M.United sendromu
F.Bahçe'nin derbide farklı yenilgiyi hakettiği son derece kötü futbolunun 3 önemli nedeni var: 1- Manchester maçı. 2- G.Saray'ın üstün performansı. 3- Aurelio'nun yokluğu.
Şampiyonlar Ligi'nde grubundaki formalite maçını Fenerbahçe yönetimi, teknik heyeti, futbolcusu ve seyircisi ile adeta bir final havasına soktu. Turu garantileyen M.United Menajeri Ferguson neticeyi hiç düşünmeden yedek oyuncularının durumlarını izlemeyi tercih ederken F.Bahçe tam takım sahaya çıkıp yüksek tempo ile savaştı. Şampiyonlar Ligi'ndeki bir formalite maçını bu havada oynarsan, Aurelio'nun cezalı olduğunu hesaba katıp G.Saray karşısındaki orta saha şablonunu prova etmeyi düşünmezsen kritik derbiyi ister istemez ikinci plana atmış olursun. Üç farklı galibiyetin medyada abartılması doğal olarak derbideki motivasyonu da olumsuz etkiledi. Çarşamba gecesinden sonra motivasyon üstünlüğü büyük farkla Galatasaray cephesine geçti. Ayrıca sezon ortasına gelinirken yaşanan iki kulvardaki ağır maç trafiği ve Manchester karşısındaki yüksek tempo fizik kondisyonuna da darbe vurdu. F.Bahçe böyle çıktığı Ali Sami Yen'de ilk dakikadan itibaren tam motivasyonlu, hırslı, tempolu, presli bir G.Saray buldu. Aurelio yüksek fizik gücü, devamlılığı, istikrarı ve yaptığı çok önemli görevlerle takımın en yararlı oyuncusuydu. İlk defa Aurelio'suz bir kurguda sahaya çıkıldı, rakip de iyi bir G.Saray olunca orta saha ne defansif, ne ofansif bir şey yapamadı. Böyle bir şablonda, zaten kontrol altında olan Alex'ten de yeteneklerini sergilemesi beklenemezdi. F.Bahçe bu derbide Serkan'ın rakibi bozan girişimleri, direnen geri dörtlüsü ve kaleci Rüştü ile ancak bu kadarını yapabilirdi.

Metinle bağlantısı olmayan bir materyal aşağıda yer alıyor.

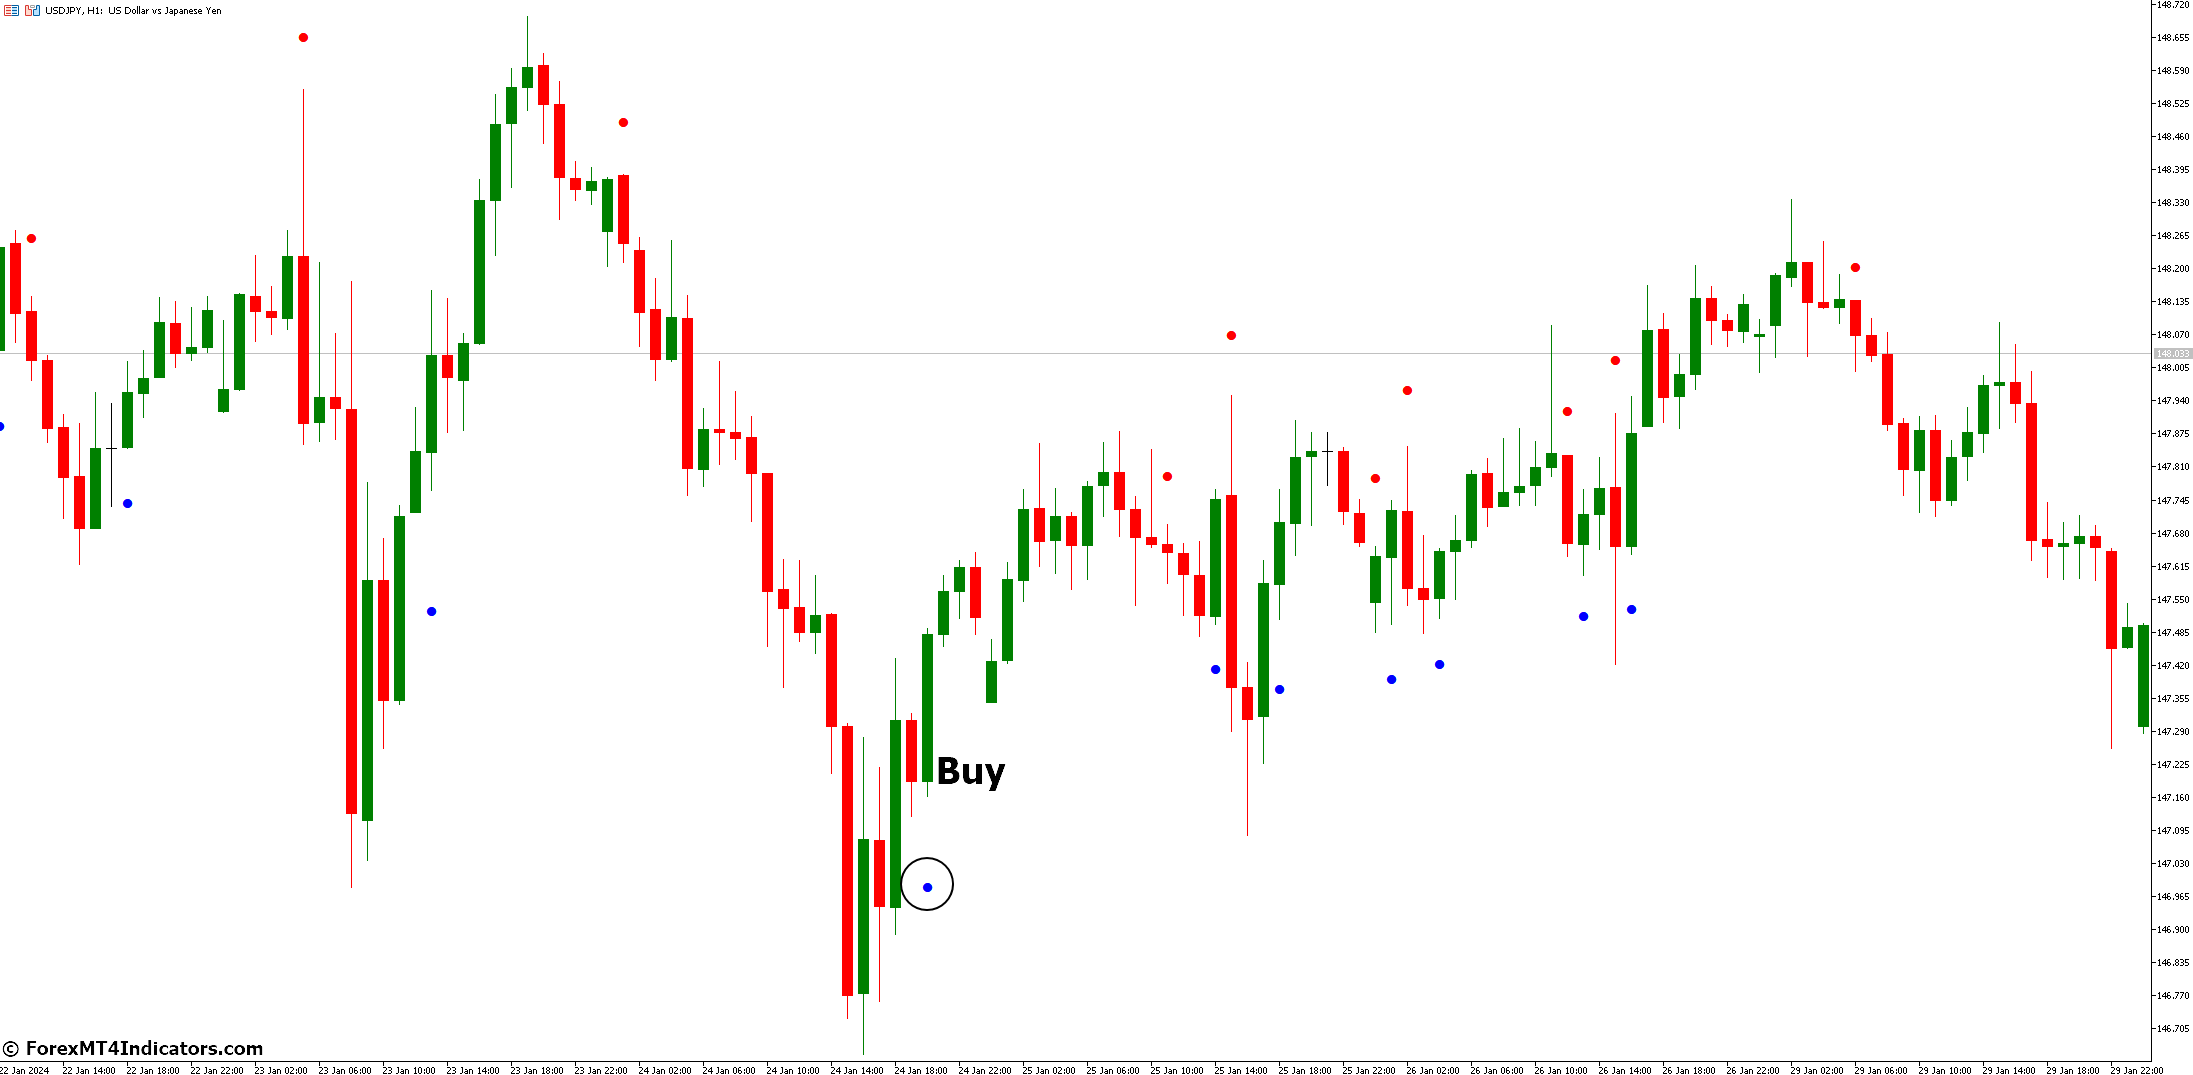 How to Trade with CCI Arrows Indicator - Buy Entry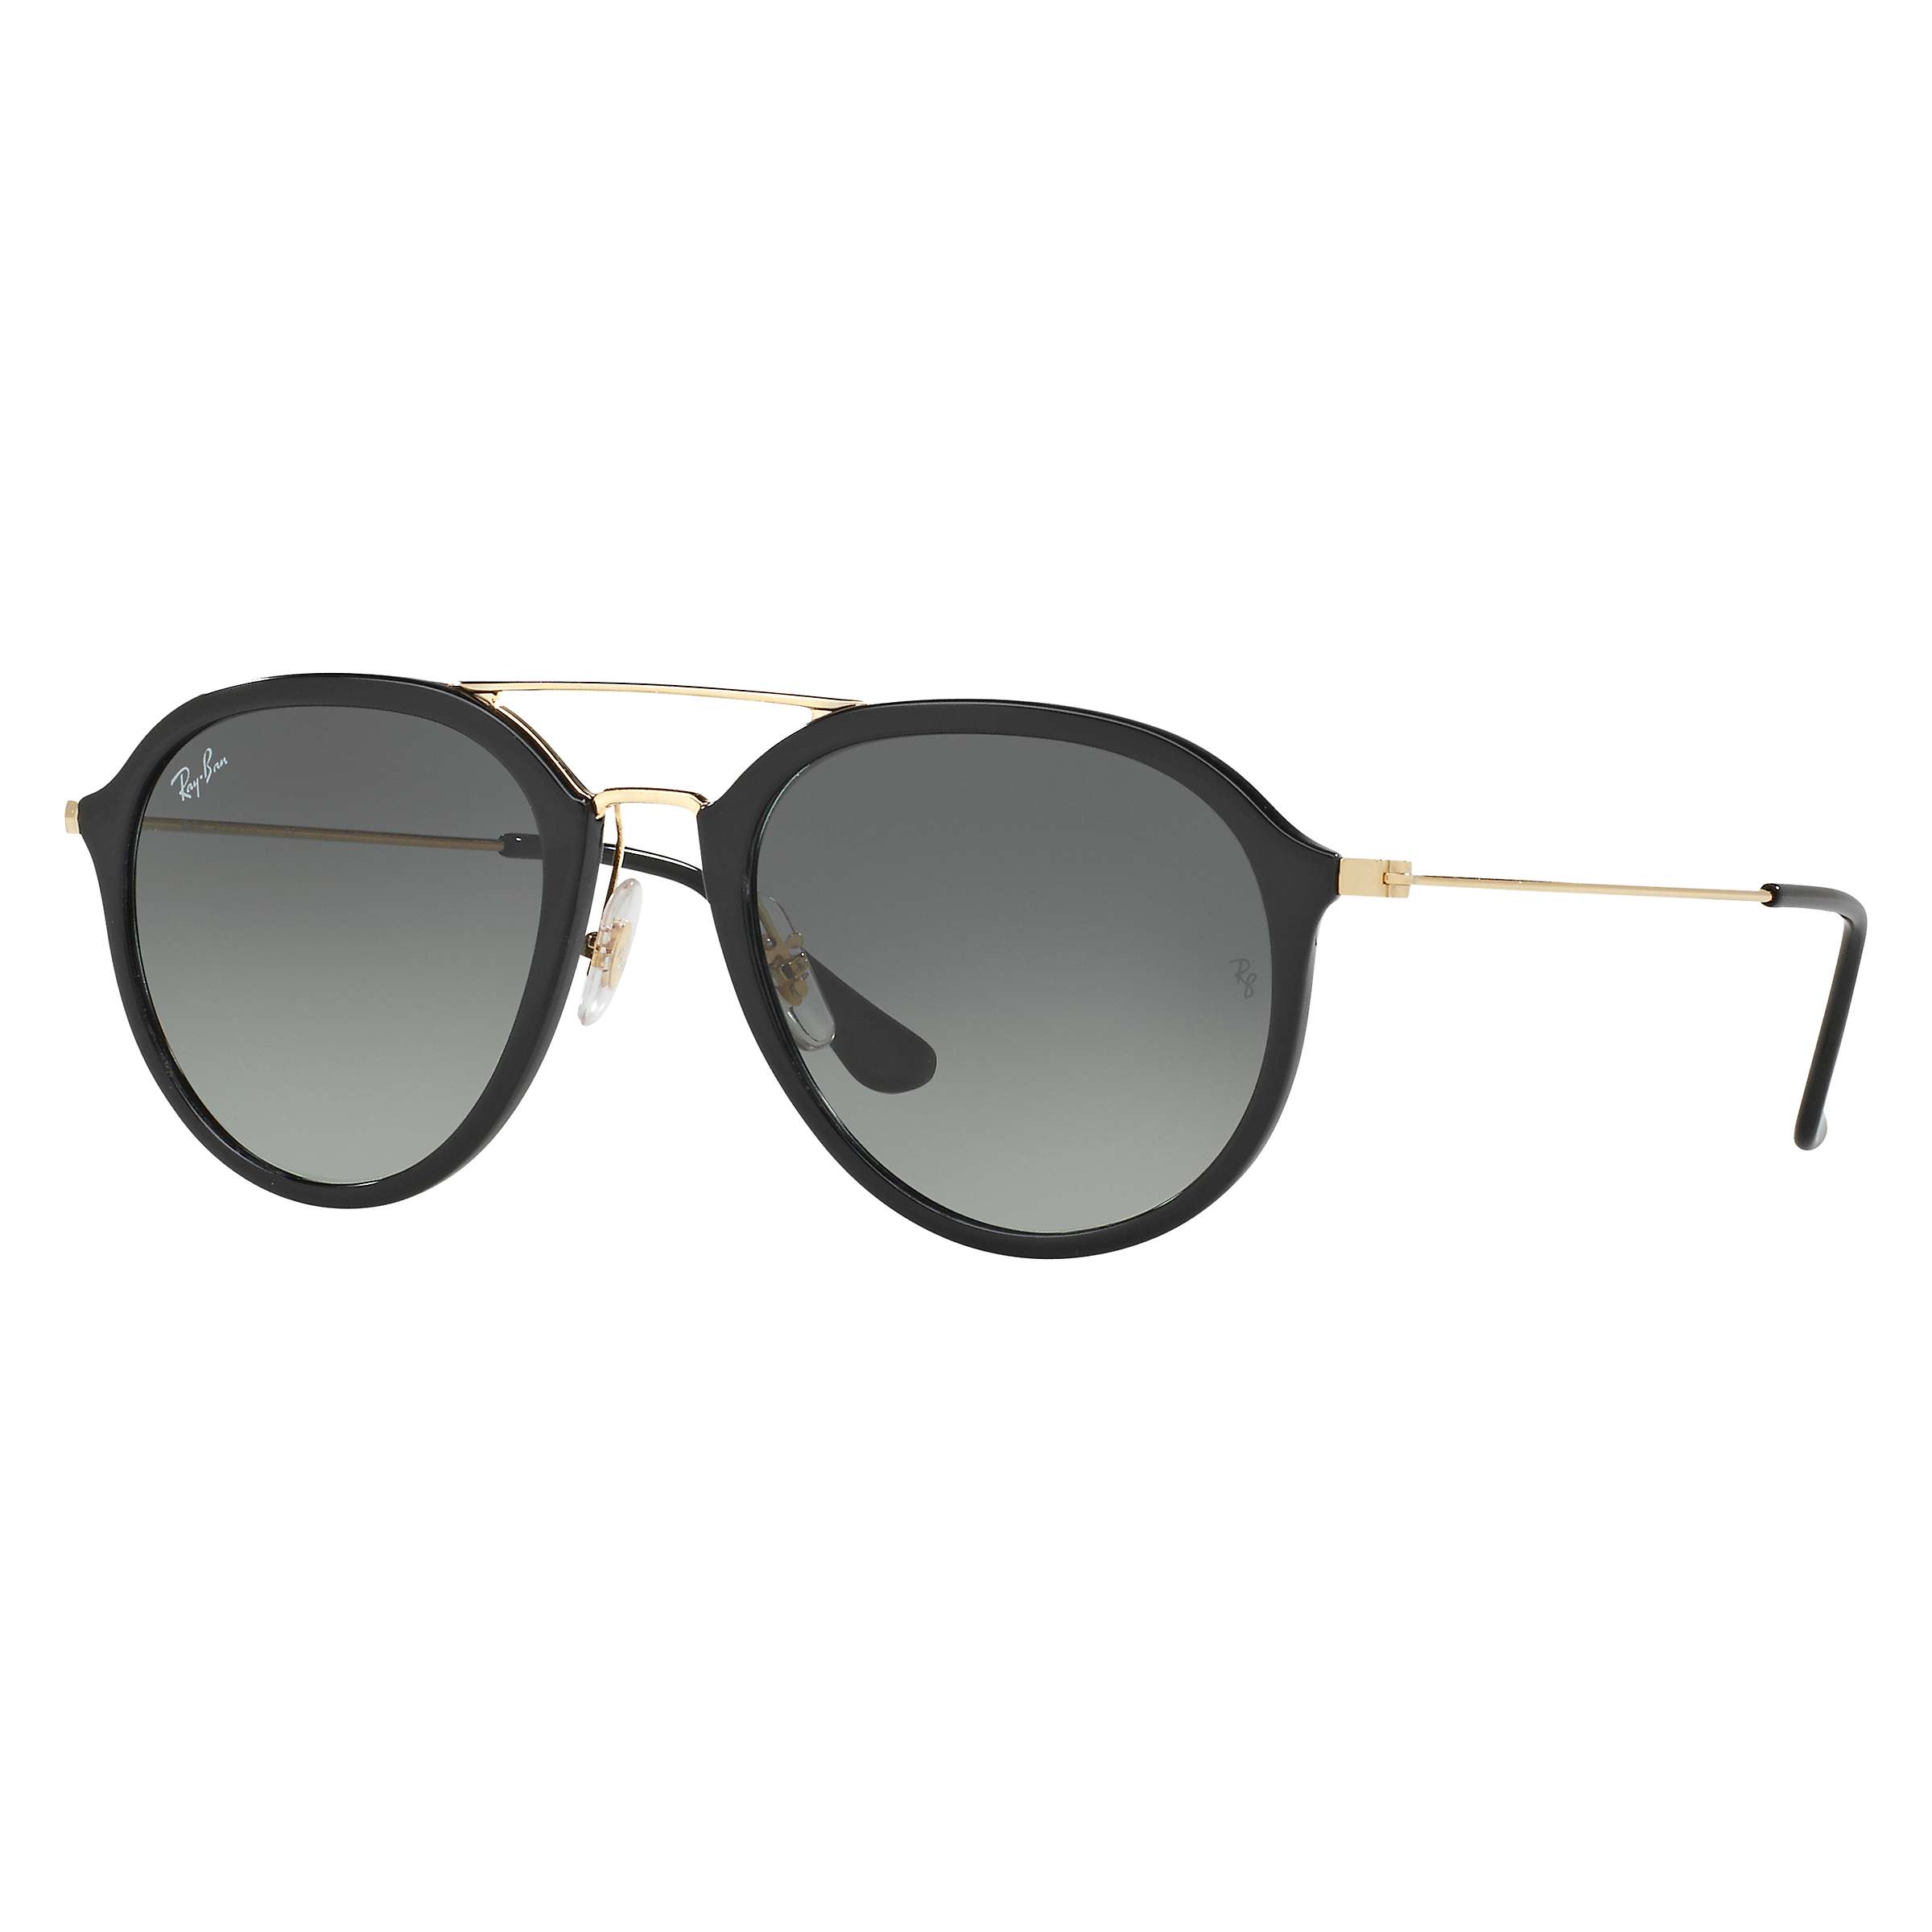 Buy Ray-Ban RB4253 Aviator Sunglasses Online at johnlewis.com

Hagi iyi hazırlanmış Galatasaray'ın bu seneki performansını ve Hagi'nin teknik direktörlüğünü sezon başından beri takdir ediyorum. Geçen hafta da G.Saray'ın G.Birliği önünde çok iyi bir futbol sergilediğini teknik detaylarıyla birlikte belirtmiştim. G.Saray, kazanma hırsı, mücadelesi ve Hagi'nin iyi hazırlanmış taktik planıyla sezonun en iyi maçını derbide oynadı. Hep üstünde durduğum bir konu var: Kadroya uygun sistem. Hagi'nin çift ön liberolu 4-4-2 sisteminin işlemesi için elinde çok uygun bir kadro var. Bu da günümüz futbolunda başarılı olmak için önemli bir faktör. Hagi, F.Bahçe'yi iyi etüt etmiş. "Önce rakibi boz sonra istediklerini yap" felsefesini uygulattı. Geride ve orta alanda hiç hazırlık pasları yapmadan sürekli uzun top kullandılar. Bu topları F.Bahçe defansından döndüğü zamanlar etkili presle çoğu kez kazanıp ofansif aksiyonlara dönüştürdüler. Nobre'nin yakın markajda sırtı kaleye dönük yaptığı alışılmış asistler engellendi. Alex sıkı kontrol altında tutuldu. Orta sahanın kenarları ilerideki görevleri bittikten sonra defansın kenarlarındaki arkadaşlarına yakın yardıma gelince zaten organize olamayan F.Bahçe'nin kanatları kullanma şansı da hiç kalmadı. Selçuk ve Serkan da Volkan ve Conceiçao'nun baskılarıyla ve de rakiplerinin teknik üstünlükleriyle pasifize olunca G.Saray mutlak hakimiyet kurdu. Hagi'nin en korktuğu şey F.Bahçe'de Alex'in kullandığı duran toplar idi. Oyunu sürekli karşı alana yıkarak ve etkili pres yaparak duran toplar en aza indirildi. G.Saray'ın son 10 dakikayı tamamen geride kabul etmesi de çok normaldi. Hasan'dan sonra etkili driplingci Necati de çıkmıştı. Ayrıca takımın en iyilerinden Sabri'de de sorun vardı. En önemlisi de psikolojik açıdan tek farklı skor avantajının korunması beyinlere girmişti. G.Saray, bu nedenlerden dolayı savunmada geçirdiği son bölümde de pozisyon vermeyerek çok önemli bir galibiyet aldı.